The rule is to allow traffic
On the new customised Protocol
From Local host and the Intra-Array Communications network
To the same destinations
Apply the new rule to all users, finish the wizard and apply to the server – wait for the array to converge again before moving on
From the networking tab, click the “Enable Network Load Balancing Integration”
Enable load balancing for the internal and perimeter networks
For each network configure the Virtual IP address and Cluster mode by clicking “Configure NLB Settings…”
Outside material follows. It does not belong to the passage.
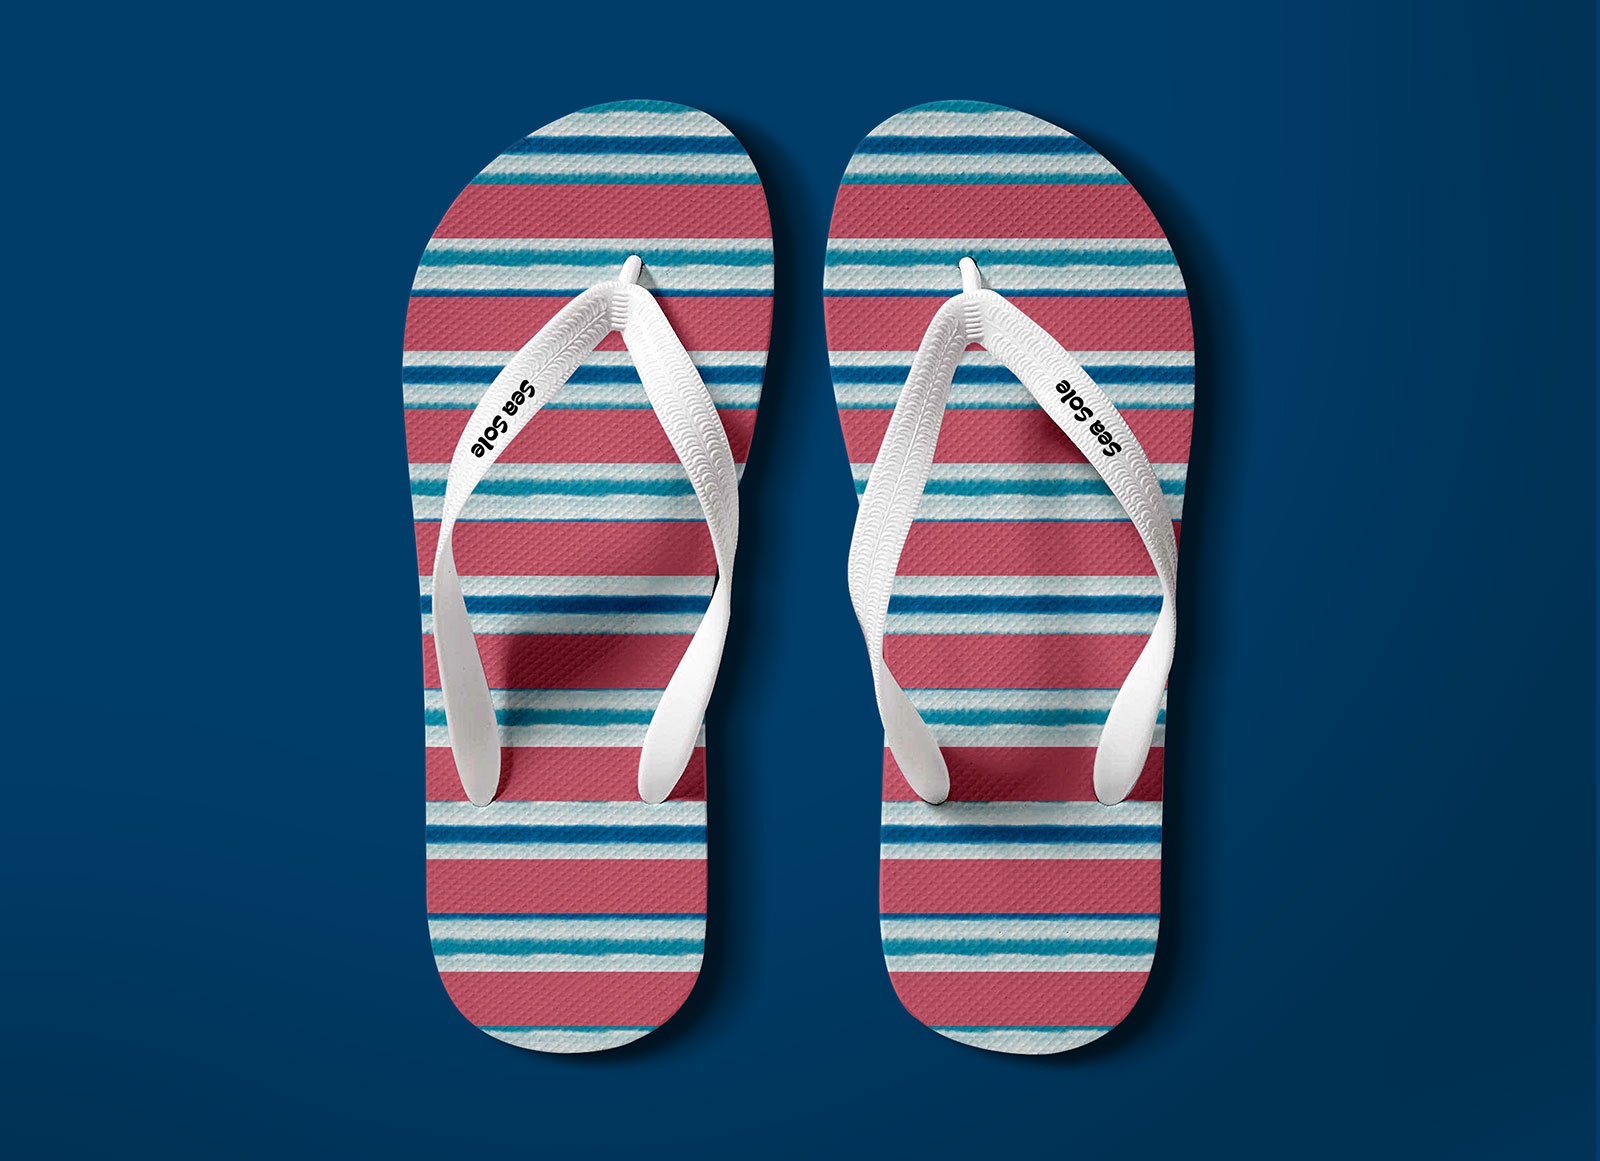 5115e94fc Free Flip Flops Beach Slippers Mockup PSD - Good Mockups
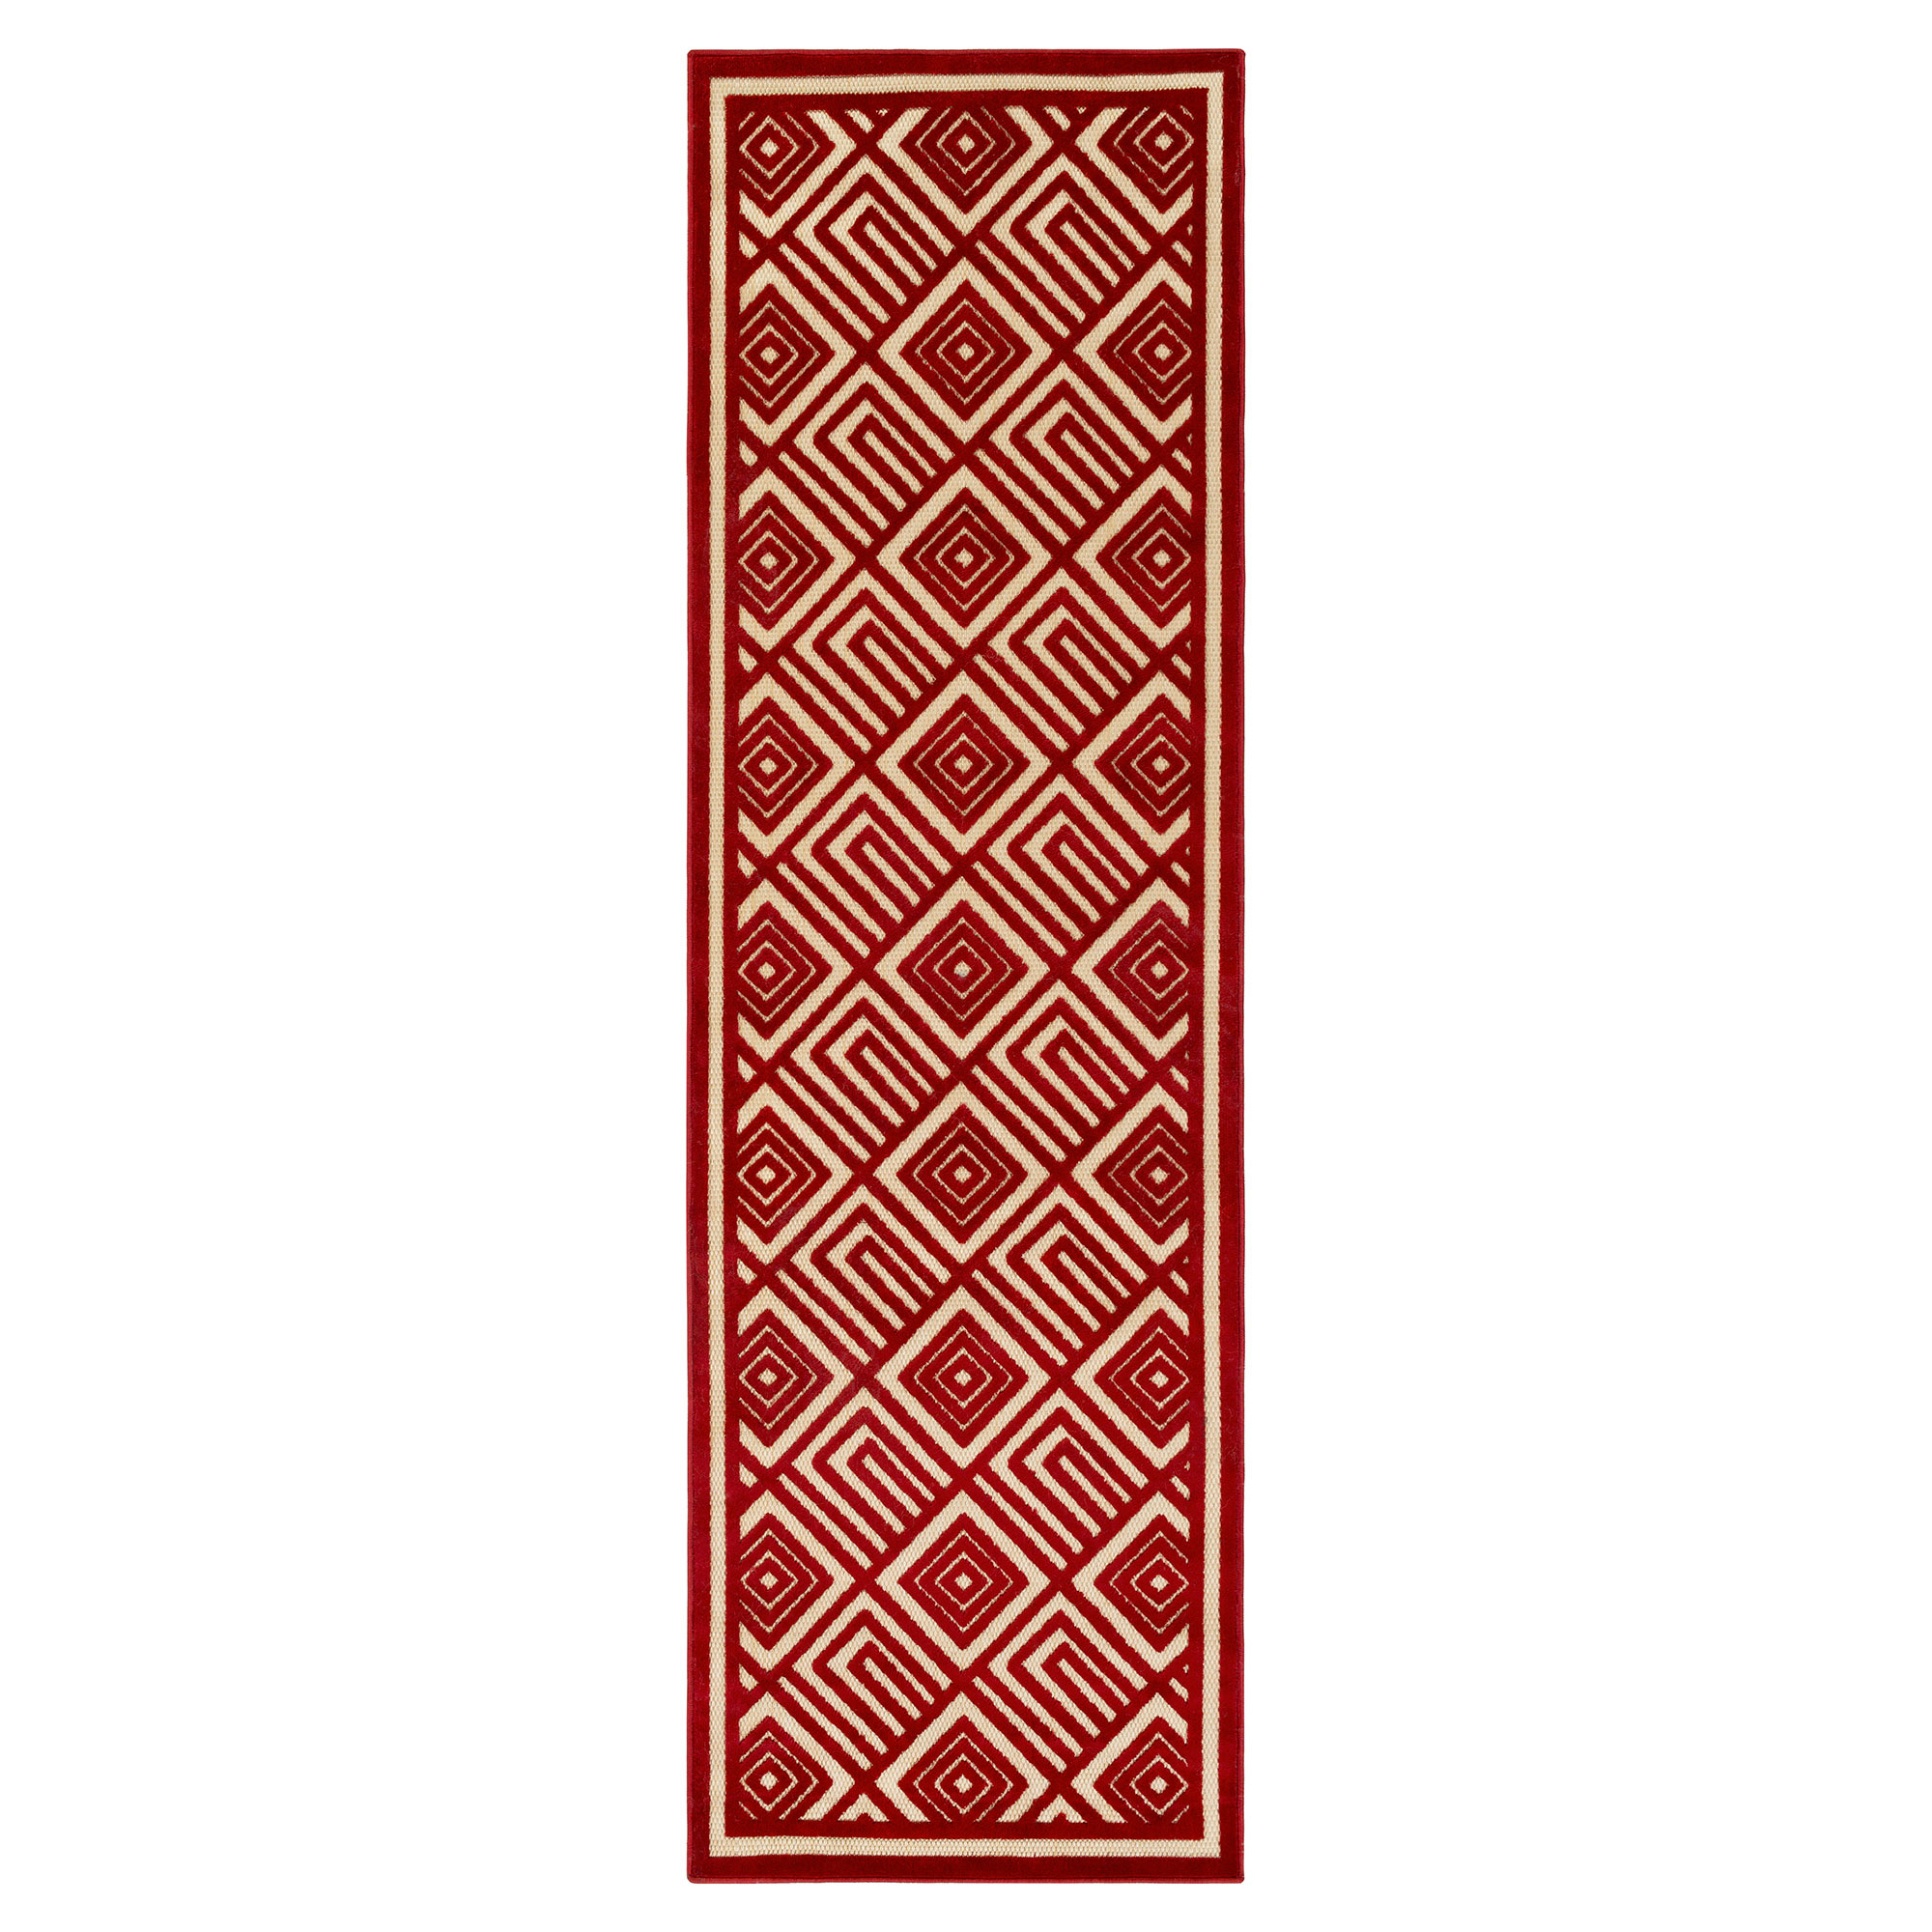 Anouk Global Dark Red Geometric Outdoor Rug - 2'6x7'10

The Primary VIP for the internal network is the IP we registered earlier for proxy.mdlimited.com (192.168.8.30). The external VIP is the next IP address in the DMZ. If the Cluster Operation Mode is set to Unicast mode the vSwitch on the server must be configured as per the VMware recommendations for NLB configuration – it must accept forged MAC addresses and must not send updates to the physical switch
Sources: Microsoft NLB not working properly in Unicast Mode, Sample Configuration - Network Load Balancing (NLB) UNICAST Mode Configuration
It takes a few minutes for the configurations to converge and for the NLB to come online, check the Configuration tab under Monitoring, and look at the Services tab to see that the NLB service is running in both servers
At this point the forward proxy NLB should be operational so you can change your browser to point to proxy.domain.com and test it.
To finish up the external NLB setup, you simply map the public IP address on your front firewall to the DMZ NLB IP address. You can then use any of the publishing wizards to publish OWA, HTTP or other internal services. If you need additional IP addresses, remember to use the NLB properties in the TMG console to add a new VIP rather than the NLB MMC.
Since this post has well exceeded 2000 words, I’m going to leave it there – I hope this has been informative, please leave feedback!